V. Reformulasi Penggajian
Rendahnya gaji dan tunjangan Kepala Desa, Badan Permusyawaratan Desa dan Perangkat Desa menjadi faktor utama tingginya keinginan untuk melakukan penyalahgunaan anggaran desa.
Oleh karena itu perlu dipikirkan untuk melakukan penyetaraan gaji dan tunjangan Pemerintahan Desa menjadi setara dengan jabatan setingkat Eselon IV.
Kepala Desa dan Ketua BPD disetarakan dengan gaji/tunjangan Eselon IV/A sedangkan Perangkat Desa dan Anggota BPD disetarakan dengan gaji/tunjangan Eselon IV/B.
Sumber penggajian tentunya harus ditanggung oleh Pemerintah Pusat dalam berbentuk Dana Perbantuan dari Kementerian Desa, sehingga tidak membebani APBD Pemerintah Daerah karena Pemerintah Daerah juga memiliki banyak kebutuhan anggaran untuk pembangunan daerah.
Demikian beberapa persoalan empiris kontemporer yang perlu diselesaikan secara regulatif dan sistematik sehingga tujuan bernegara dengan membentuk Pemerintahan Desa bisa memberi manfaat kepada rakyat banyak.
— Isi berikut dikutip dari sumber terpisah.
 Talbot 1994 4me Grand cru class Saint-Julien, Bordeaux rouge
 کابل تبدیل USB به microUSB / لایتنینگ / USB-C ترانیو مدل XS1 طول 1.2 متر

Bukan justru malah menjadi masalah baru atau terkesan menjadi pemindahan korupsi ke Pemerintah Desa.
Desa Kuat Rakyat Sejahtera!
Penulis adalah alumni Teknik Mesin ITS Surabaya. Saat ini menjabat sebagai Pelaksana Tugas Inspektur Daerah Kabupaten Mandailing Natal Provinsi Sumatera Utara. Pernah menjadi Kepala Bidang Penempatan dan Perluasan Kesempatan Kerja pada Dinas Tenaga Kerja periode 2018-2019, Kepala Bagian Pengadaan Barang dan Jasa Sekretariat Daerah periode 2015-2018, dan Kepala Bidang Pembinaan Jasa Konstruksi Dinas PU periode 2014-2015. Penulis adalah pengasuh blog www.selamatkanreformasiindonesia.com.